All three share the same logic: the bias is inside \(\hat{\beta}\), not visible in \(\hat{u}\).

We focus on OVB — the most common case in business and economics research.

The mechanism

Suppose the true model is:

\[y = \beta_0 + \beta_1 x + \beta_2 z + \varepsilon\]

but we estimate \(y = \beta_0 + \beta_1 x + \varepsilon\) (omitting \(z\)).

The estimated \(\hat{\beta}_1\) absorbs part of the effect of \(z\) — and is biased unless \(z\) is uncorrelated with \(x\).

Direction-of-bias rule (no algebra needed):

\[\text{sign(bias)} = \text{sign}(\text{effect of } z \text{ on } y) \times \text{sign}(\text{corr}(z, x))\]

OVB in practice: what changes when we add city?

m_no_city   <- lm(log(price) ~ log(distance + 0.1), data = hotels)
m_with_city <- lm(log(price) ~ log(distance + 0.1) + city, data = hotels)
Without city With city controls
+ p < 0.1, * p < 0.05, ** p < 0.01, *** p < 0.001
log(distance) -0.064*** -0.214***
(0.008) (0.007)
Num.Obs. 9648 9648
R2 0.007 0.370
R2 Adj. 0.007 0.370
City FE No Yes

The distance coefficient changes substantially — because city drives both price level and how far hotels are from the centre.

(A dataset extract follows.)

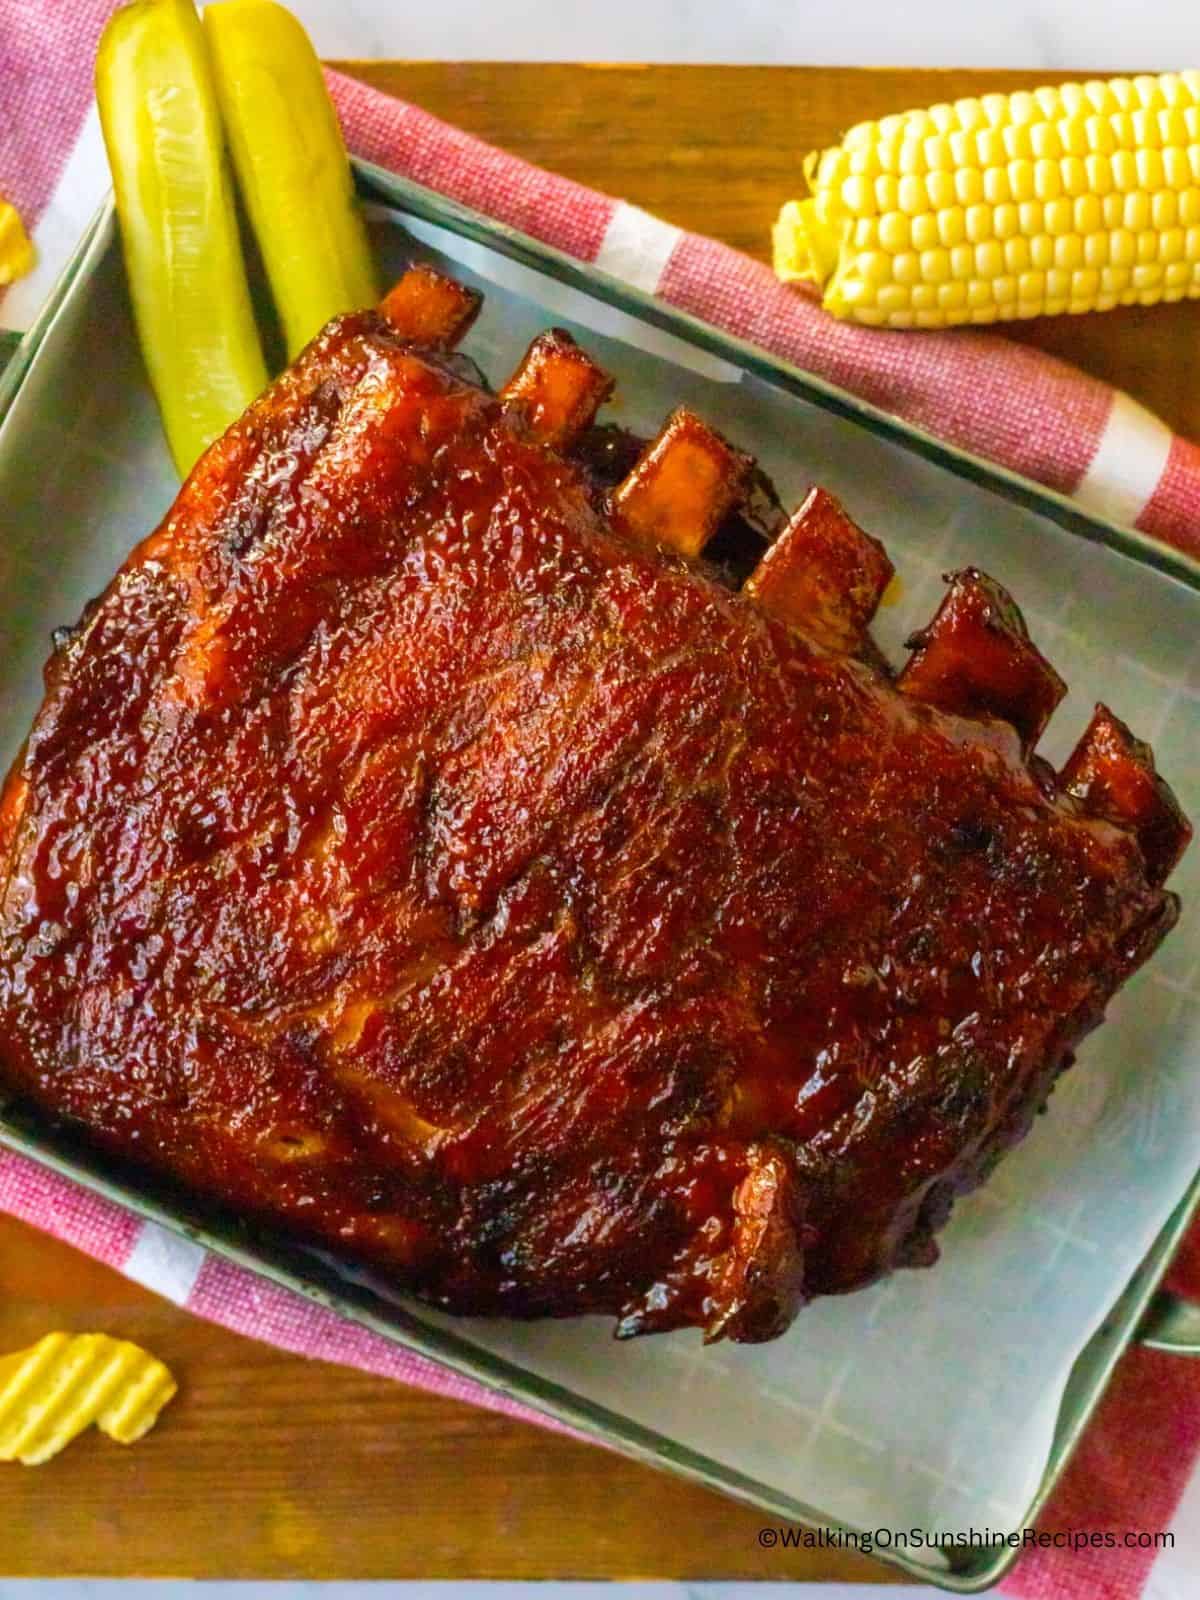 St. Louis ribs cooked to perfection.
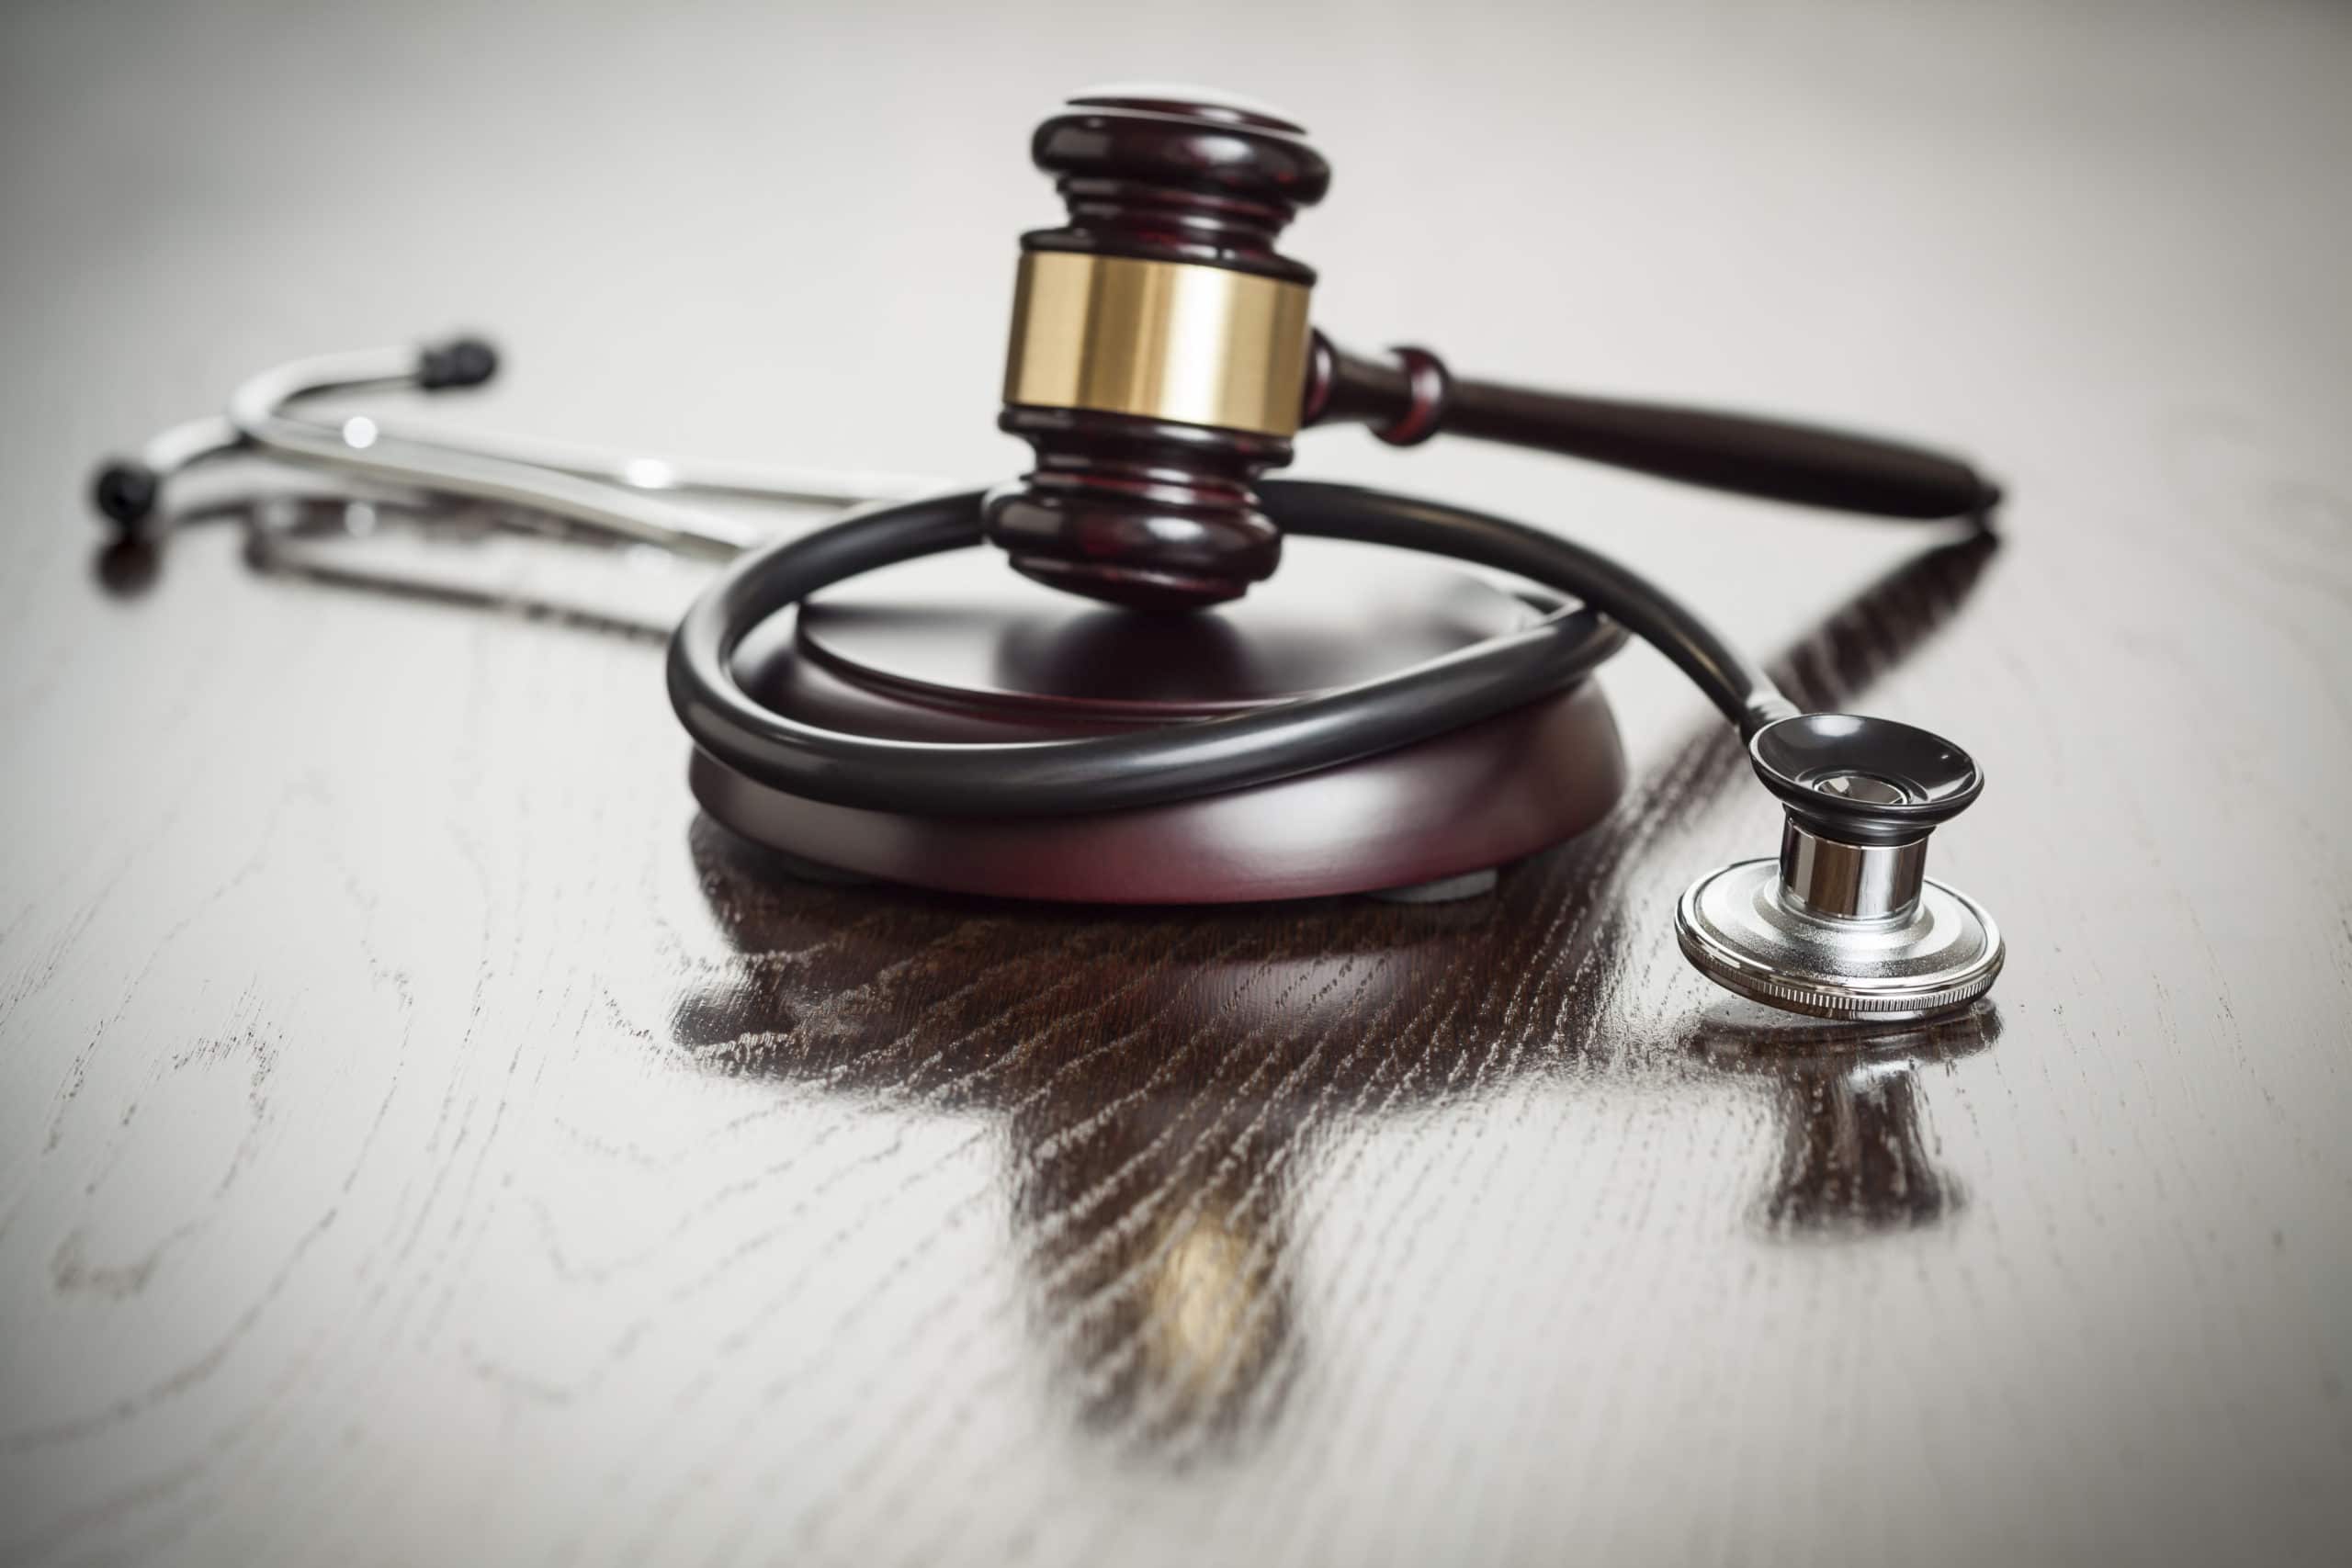 Gavel And Stethoscope On A Table | Medical Malpractice Lawyers in NYC | Gash & Associates, P.C.

Why the residuals looked fine

Run the full diagnostic suite on the biased model (no city controls):

Both panels pass \(\rightarrow\) residuals scatter randomly, variance looks stable. Yet we know from the previous slide that \(\hat{\beta}_\text{distance}\) is wrong.

Important

The bias was absorbed into \(\hat{\beta}\) when the model was fitted — the residuals have already been “cleaned” of it. OVB is invisible to any diagnostic tool. The solution is research design, not better diagnostics.

The way forward

Panel data and fixed effects (panel data session):

  • If the omitted variable is time-invariant (e.g. which city), fixed effects eliminate it
  • One of the most powerful practical solutions to OVB

Causal identification (optional session on causality):

  • Randomisation, quasi-experiments
  • Address OVB at the design stage, not the estimation stage

The transition from describing patterns to making causal claims is one of the most important methodological steps in applied data science.

Summary

The diagnostic workflow

For every regression, ask:

  1. Residuals vs. fitted — is the functional form correct? Is there a pattern?
  2. Scale-location — is the variance constant? Do I need robust SEs?
  3. Cook’s distance / leverage — are a few observations driving my results?
  4. VIF — are my predictors too correlated to separate their effects?
  5. Q-Q plot — are there serious departures from normality? (Large \(n\): rarely a concern)
  6. Thinking — what important variable might I have left out?
performance::check_model(your_model)  # panels 1–5 in one call

The sixth question — OVB — requires subject-matter knowledge, not a function.